Proposed model was able to recognize models by comparison of its appearance in parametric
eigenspaces built from large sets of three dimensional models rendered to two dimensional images in
various poses, angles and under different illuminations. According to scientific paper [3] proposed
decomposition method outsmarts MVCNN but only due to increased computational resource
consumption at the training stage. Such decomposition approaches utilize two CNN: one for
presentation pair selection purposes and second for pair labeling. Each of the approaches CNN uses
CNN(M) model [4], therefore they have to be trained separately. In addition to the MVCNN,
RotationNet [5] explores multiple presentations from various angles, taking a part of the entire multi
presentation image of a 3D model as an input, and defines the category of the model through the rotation
process. Scientific paper [6] defines the multiple presentation group information and in turn proposes
the Group View Convolutional Neural Network (GVCNN). GVCNN groups the presentation level
features to generate so-called group level features. Further group level features are combined together
in order to result in the model level feature. The recursive clustering and pooling layer introduced by
the authors in the scientific research [7] was developed to concatenate the multi presentation features,
which are in turn providing more exhaustive capabilities for 3D model classification. In the course of
this paper one only retrieves information from the range of similar presentations in contrast to MVCNN.
    Concerning the volume-based methods, they are simply applying three dimensional CNN on the
voxelized shapes of the objects. As an example, authors in research [8] utilize 3D Shape Net and
therefore propose the application of the Convolutional Deep Belief Network (cDBN) in order to
interpret a three dimensional geometry as a probability distribution over a three dimensional voxel grid.
In work [9] authors describe VoxNex as an extension upcasting 2D convolutional neural network kernel
to 3D convolutional neural network kernel. In [10] researchers introduced VRN Ensemble presenting
deep convolutional network models for modeling generative and discriminative voxel.

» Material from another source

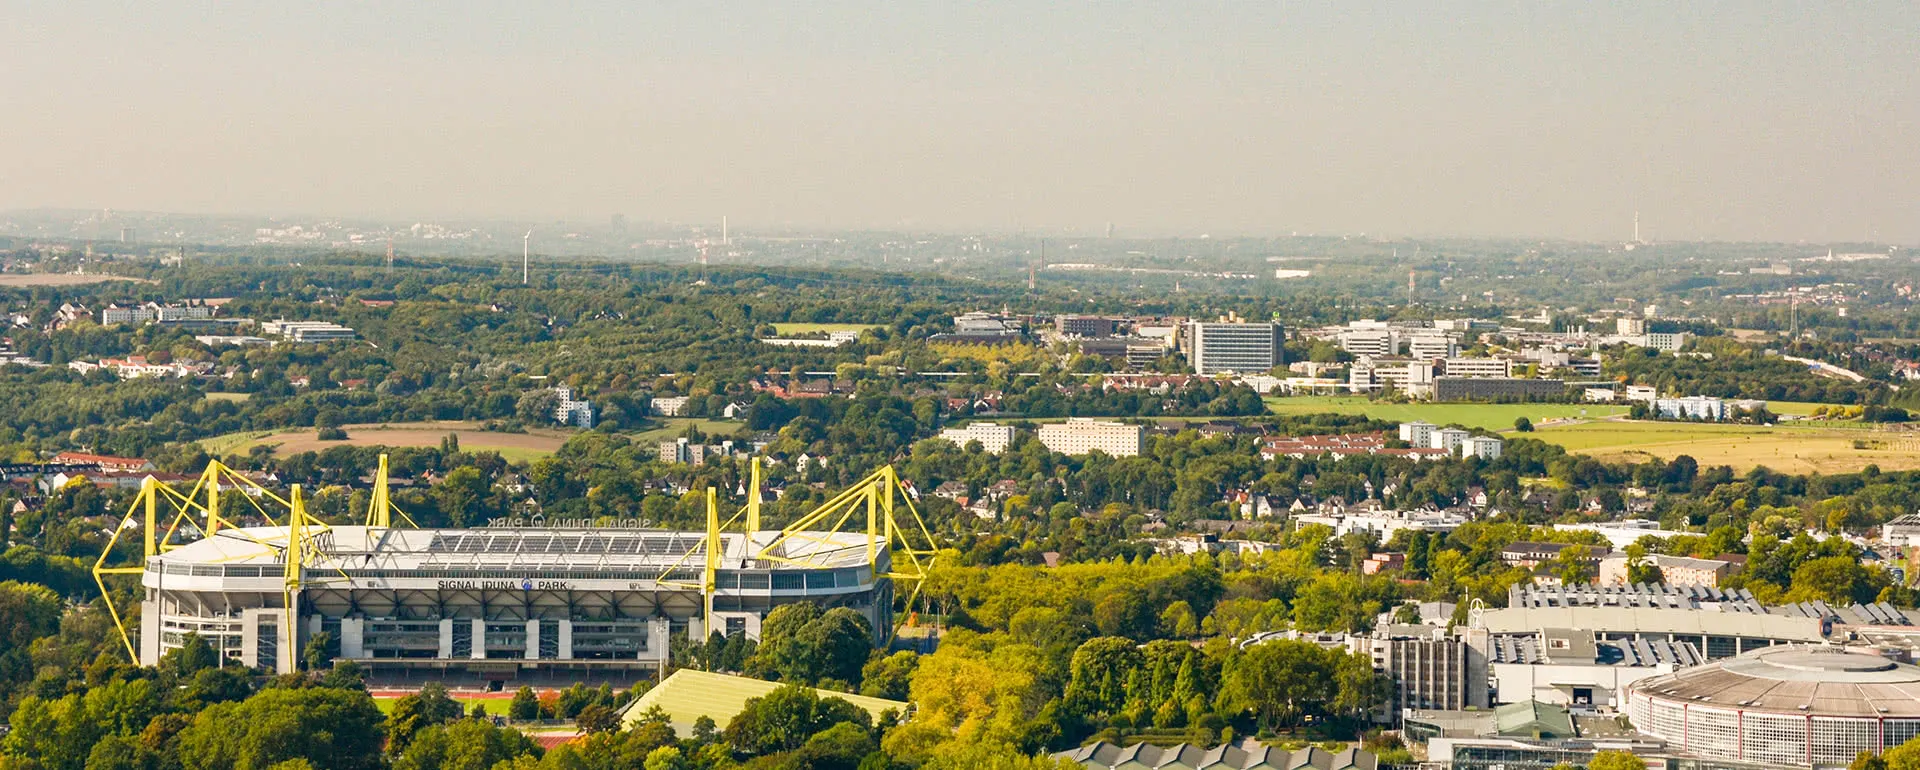 Dortmund panorama image

In the same
research authors explore issues of representations based on the voxel utilizing models. In research [11]
authors present 3D A Nets developing an adversarial neural network for 3D purposes with the aim to
efficiently solve problems concerning processing of the 3D volumetric data. However, every
convolution centric model for 3D purposes has a huge disadvantage in terms of excessive technical
complexity and even more exorbitant GPU resources requirements.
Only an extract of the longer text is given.